Она знала, что жизнь женщины — это борьба, во всяком случае жизнь ее матери, просто за то, чтобы быть здоровой, быть чистой и опрятной, сохранить все зубы во рту, чтобы и дом был чистым и опрятным, чтобы под ногами не хрустели пробки и окурки, чтобы не оказаться на улице без колготок. Вот почему теперь она не выносит пуха на полу и облупившегося маникюра; вот почему она так фанатична в отношении депиляции, почему она вечно донимает дантиста насчет дырок, которых пока даже не видно; почему она принимает ванну два раза в день, а иногда еще и душ; почему она каждый день пользуется своими особыми духами. Может быть, они старомодны, но это первые взрослые духи, которые она купила, как только смогла себе это позволить. Миссис Этчеллс заметила тогда: «Ах, они чудесны, это твой фирменный аромат». Дом в Олдершоте пропах мужским пердежом, несвежими простынями и еще чем-то, не вполне определимым. Мать сказала, что этот запах появился с тех пор, как мужчины отодрали половицы: «Кит и эти, ну, знаешь, та толпа, что любила выпить в „Фениксе“? Вот на кой они это сделали, а, Глория? Зачем они отодрали половицы? Ох уж эти мужчины! Никогда не знаешь, что взбредет им в голову в следующую минуту».
— Как-то раз я увидела, что на меня смотрит глаз. Человеческий глаз. Обычно он катился по улице. А однажды проводил меня в школу, — сказала Эл.
— Что, как в «Мэри и барашке»?
— Да, но он больше был похож на собаку. — Эл вздрогнула, — А потом, однажды, когда я утром вышла из дома…
Однажды — в тот год она заканчивала школу — Эл утром вышла из дома и увидела мужчину, который наблюдал за ней из дверей аптеки.
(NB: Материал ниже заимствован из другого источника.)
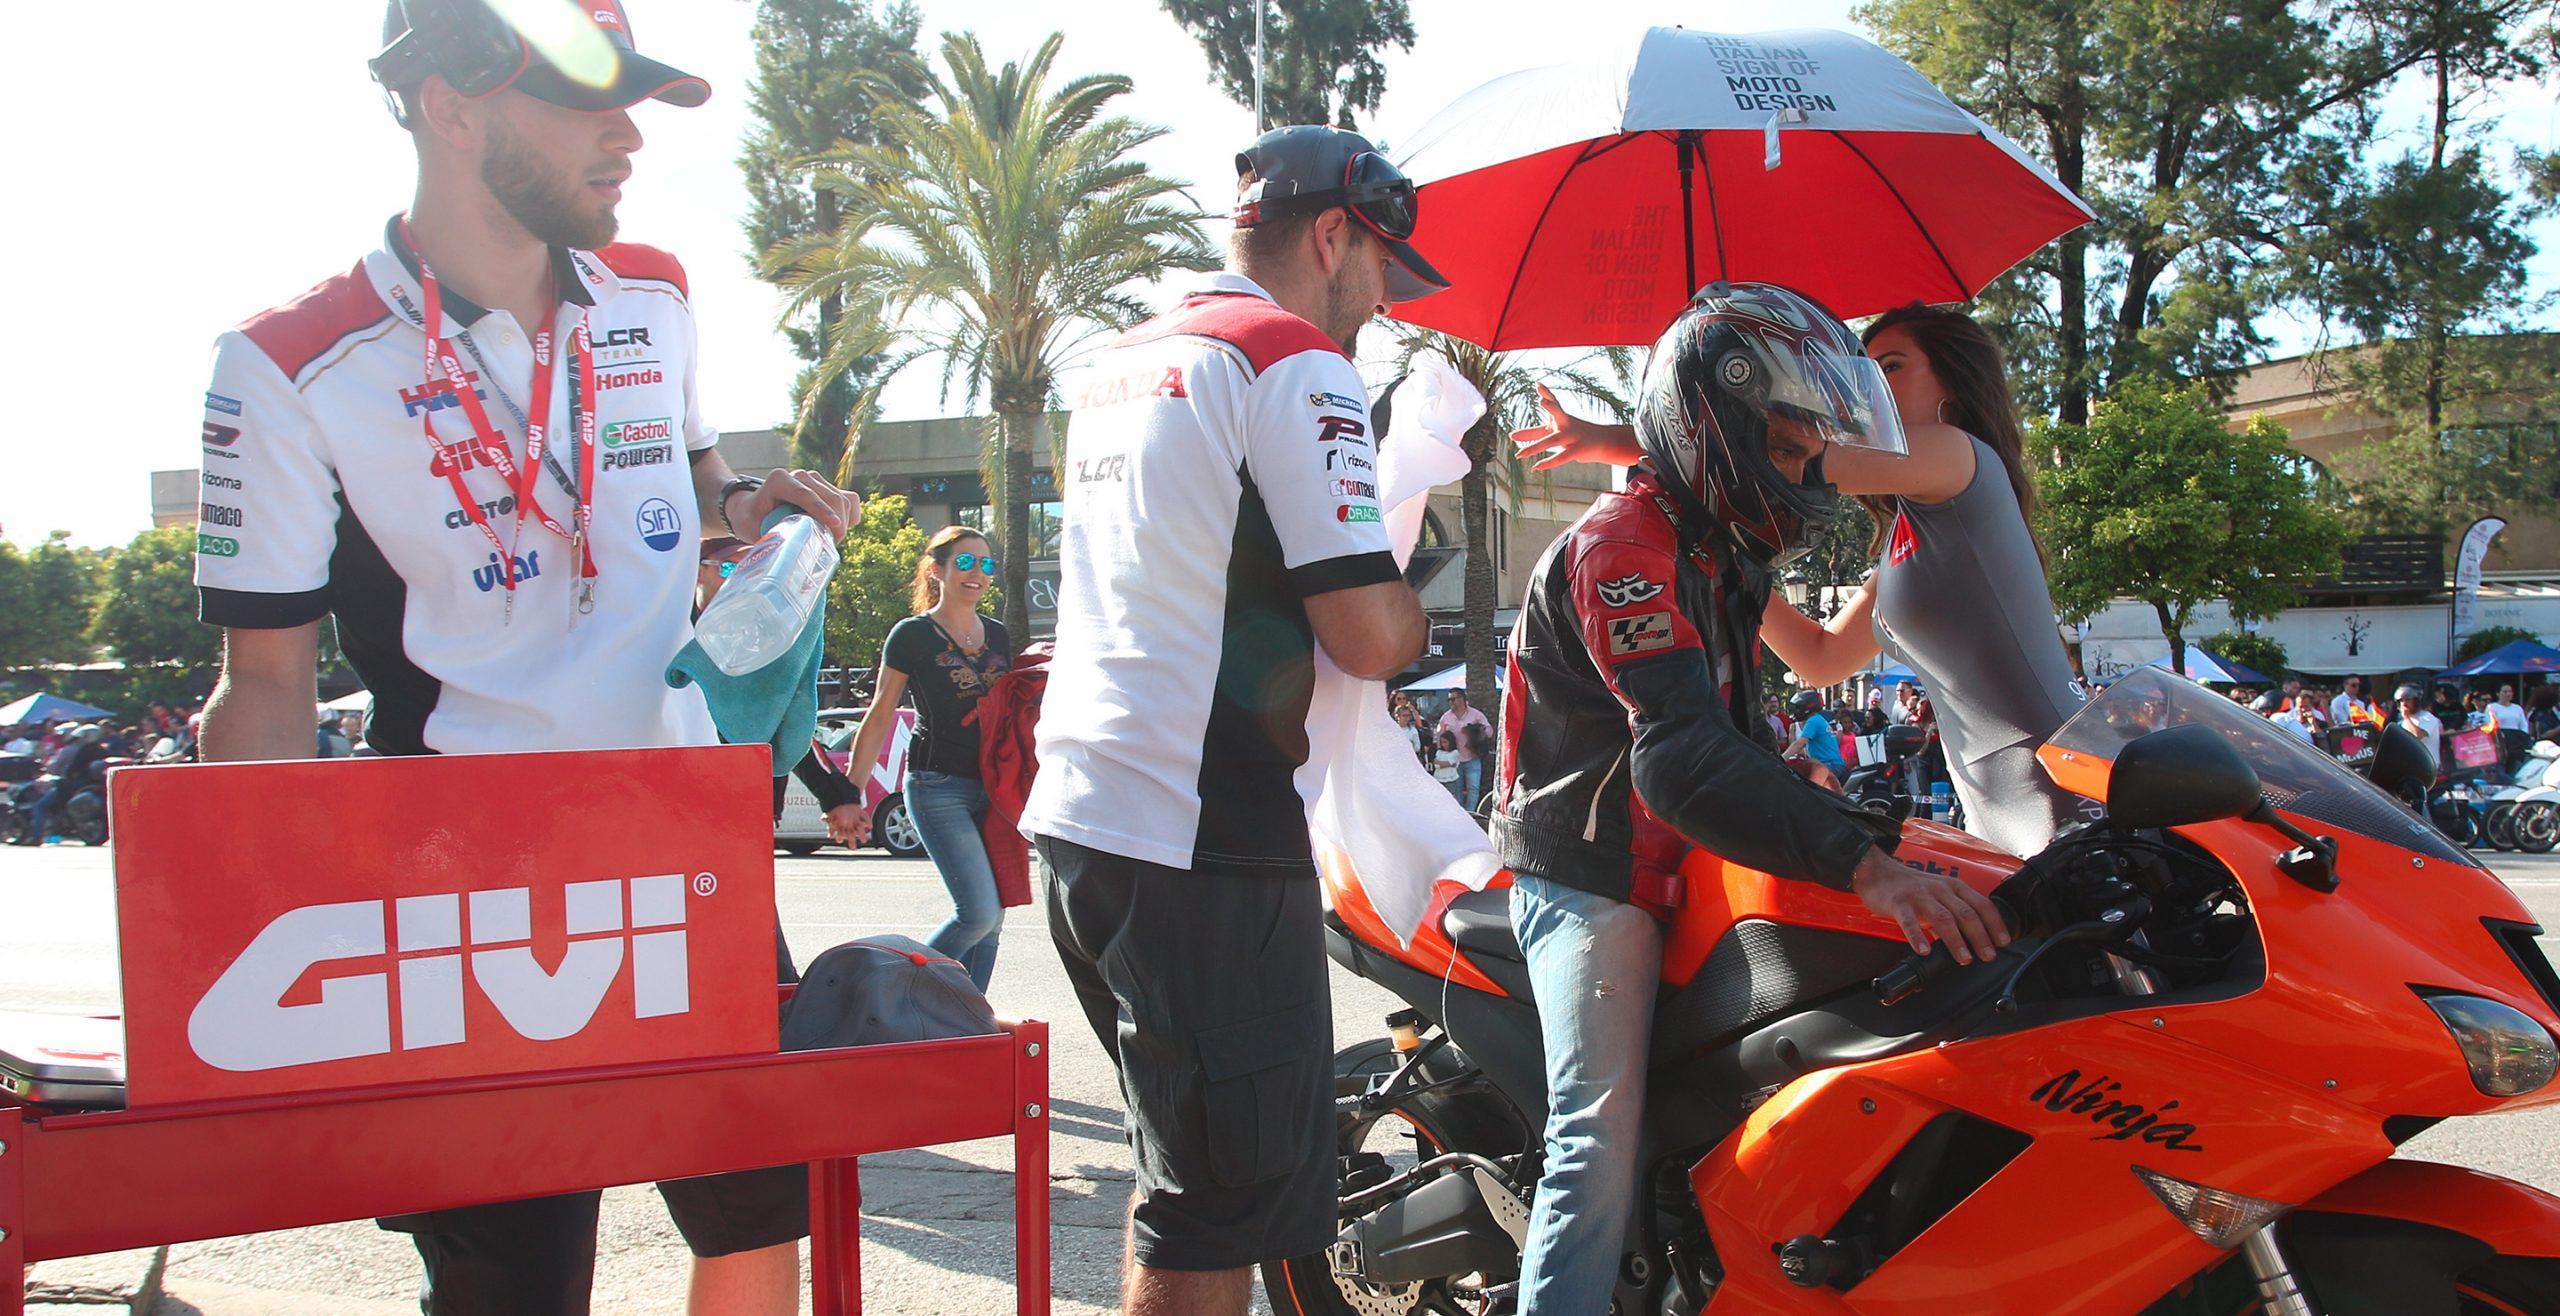 Mecánicos del LCR realizando una puesta a punto rápida para GIVI durante el Gran Premio de Jerez 2018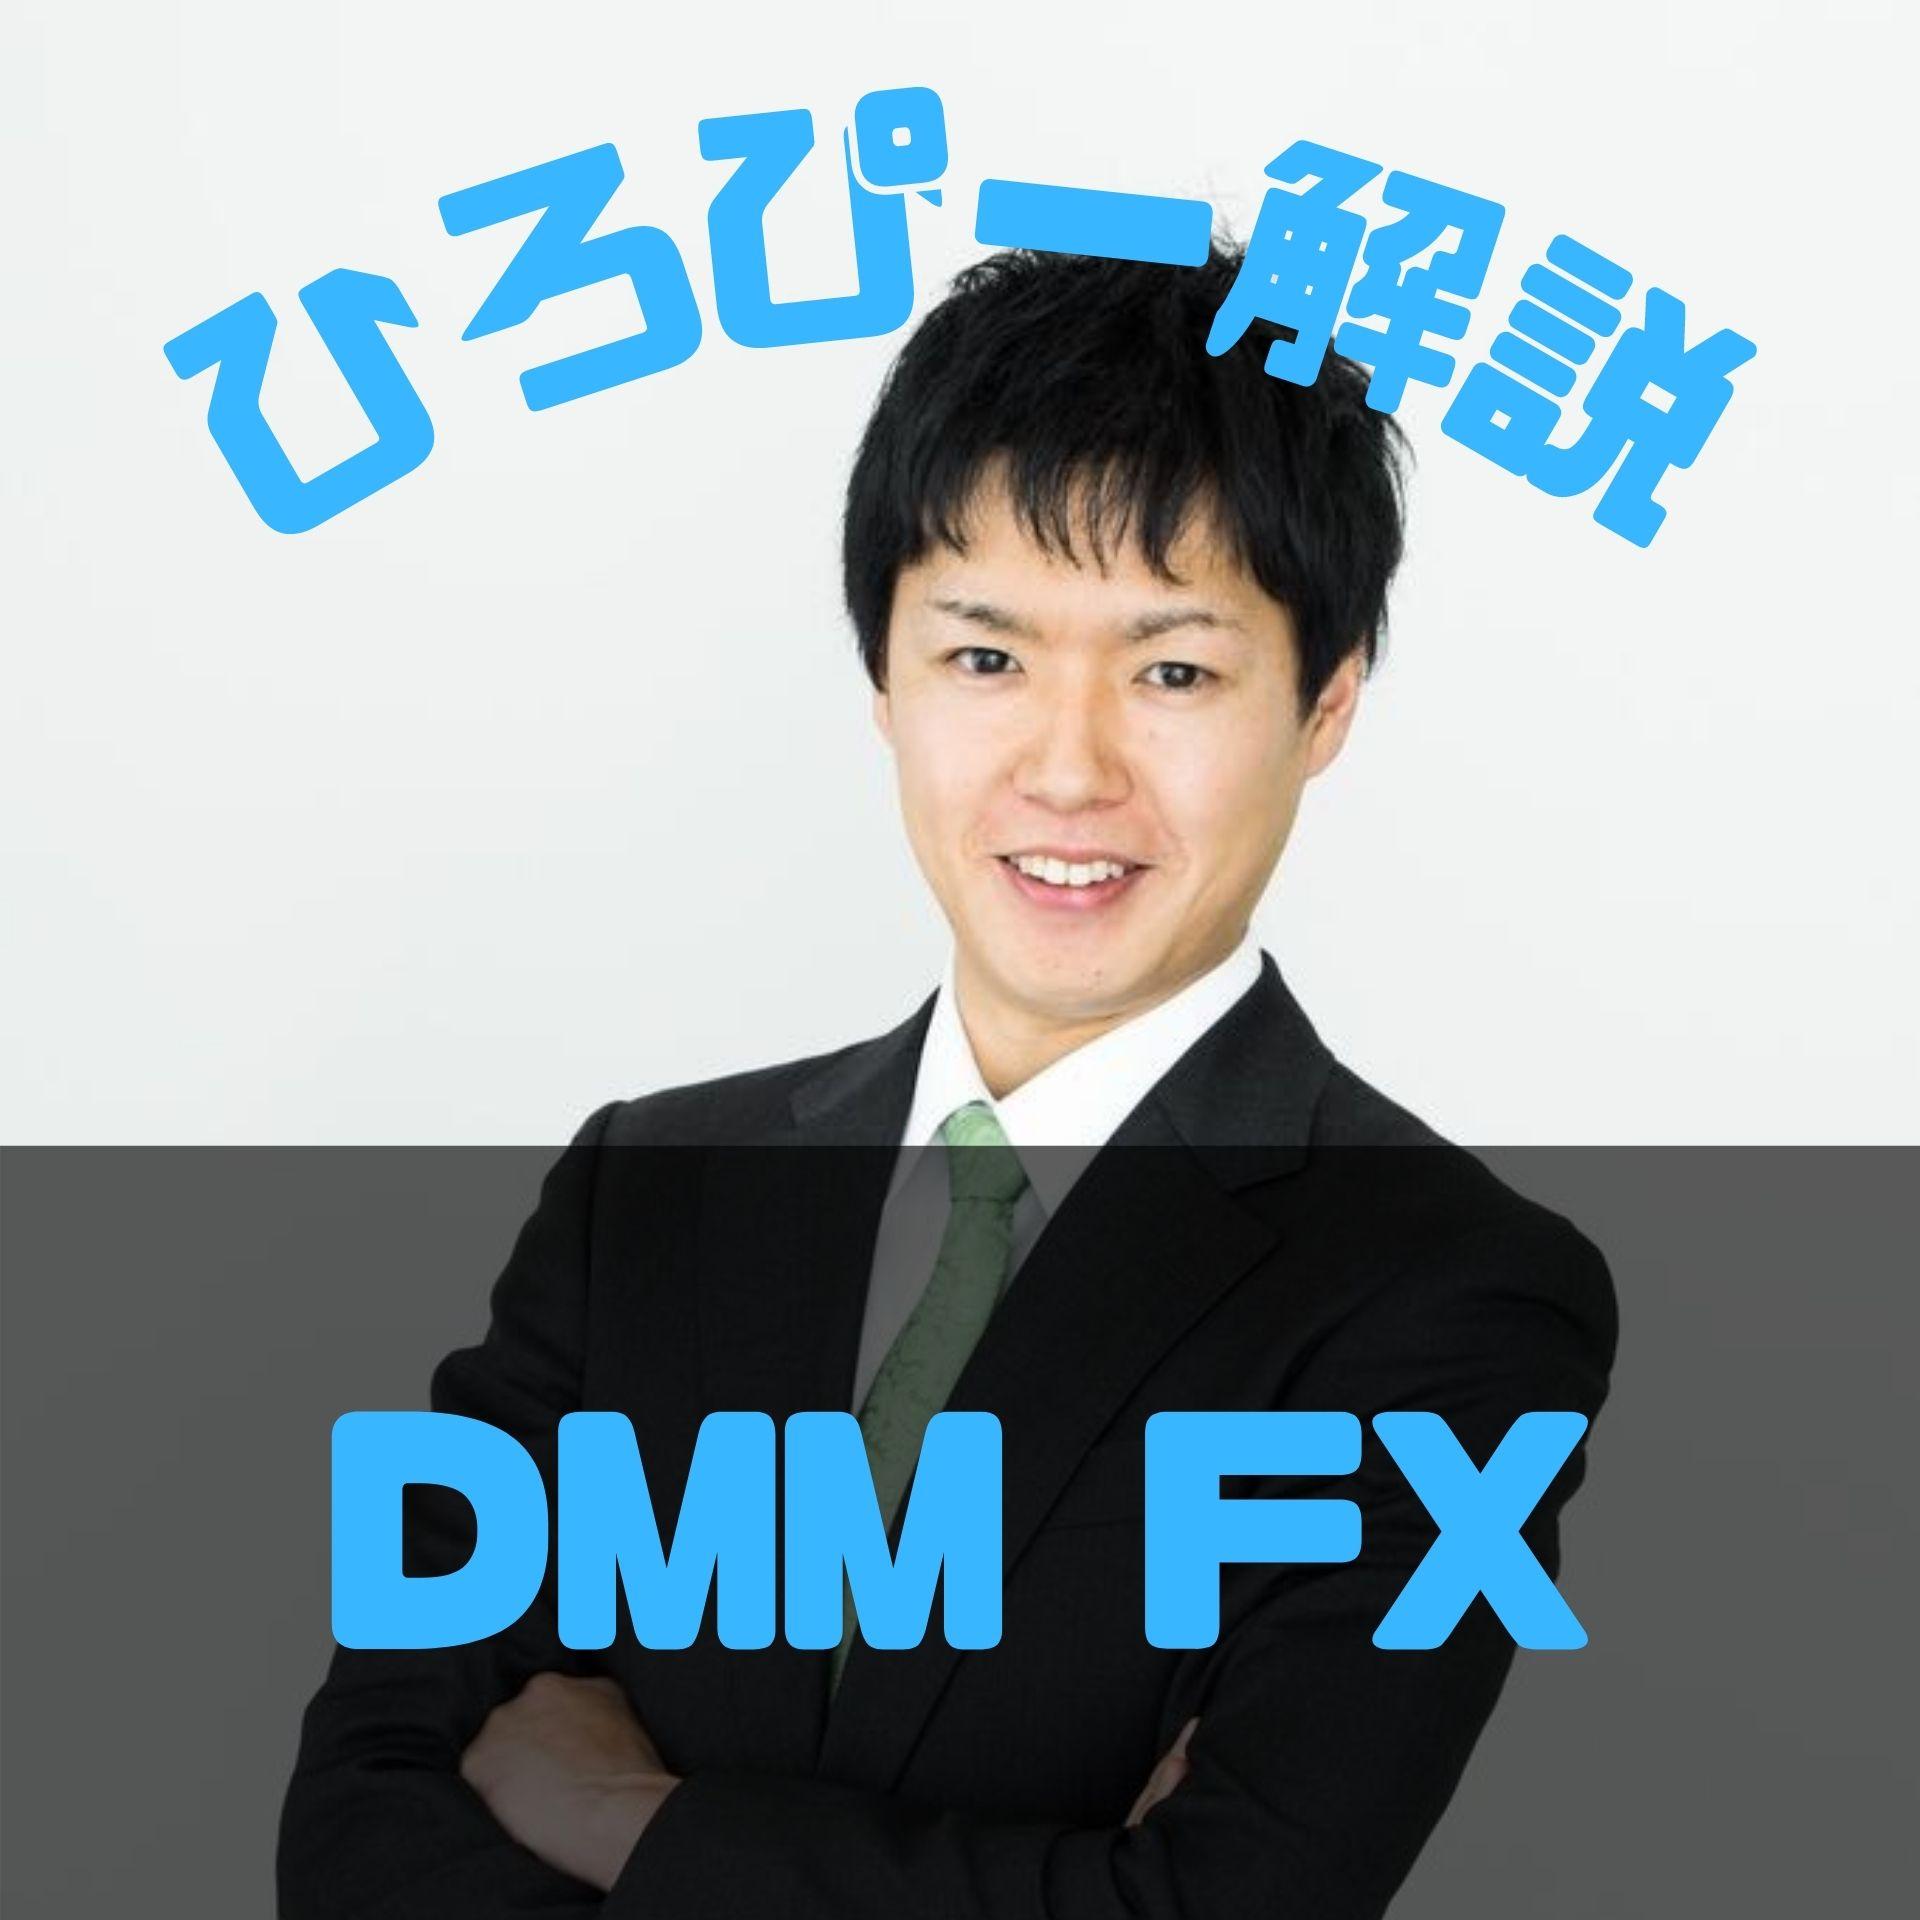 DMM FXとはどんな取引所?専門家ひろぴーが特徴や使い方を解説!

Руки он засунул в карманы брюк, в губах перекатывал незажженную сигарету.
КОЛЕТТ: Это не тот парень, Ник? Парень из кухни, который гнался за вами с ремнем?
ЭЛИСОН: Нет, не он.
КОЛЕТТ: Но вы видели его прежде?
ЭЛИСОН: Да-да, видела. Слушай, выключи магнитофон, а? Моррис мне угрожает. Он не любит, когда я говорю о своей юности. Не хочет, чтобы это было записано.
В тот же день она вышла из школы с Ли Тули и Кэтрин Таттерсолл. Тахира шла сразу за ними, под ручку с Ники Скотт и Андреа Как-Ее-Там. Тахира была все такой же богатой, маленькой и прыщавой — а теперь еще и очкастой, поскольку ее папа, сказала она, «влепил строгий выговор». У Кэтрин были рыжие кудри, и она отставала по всем предметам, училась даже хуже, чем Элисон. Ли был дружком Кэтрин.
Моррис стоял на противоположной стороне дороги, прислонившись к витрине прачечной. Его глаза ощупывали девушек. Эл похолодела.
Он был коротышкой, практически карликом, совсем как жокей, и ноги у него были колесом, как у жокея. Позже она узнала, что когда-то он был почти нормального роста, не ниже пяти футов шести дюймов, пока ему не переломали ноги — во время одного из его цирковых трюков, сперва заявил он, но затем признался, что это случилось на бандитской разборке.
— Пойдем, — сказала она. — Пойдем, Андреа. Скорее. Пойдем, Ли.
Эл замерзла и застегнула куртку, свою вишневую куртку, которая едва сходилась на груди. «Фу, маразм!» — отметил Ли, потому что застегивать куртку — это не круто. Шаркая, качаясь из стороны в сторону, процессия следовала по улице; Эл была не в силах их поторопить. Девушки шли, обхватив себя руками. Ли для смеху тоже себя приобнял. Где-то по радио играла песня Элтона Джона. Она помнила это. Компания начала подпевать. Она хотела было присоединиться к ним, но во рту у нее пересохло.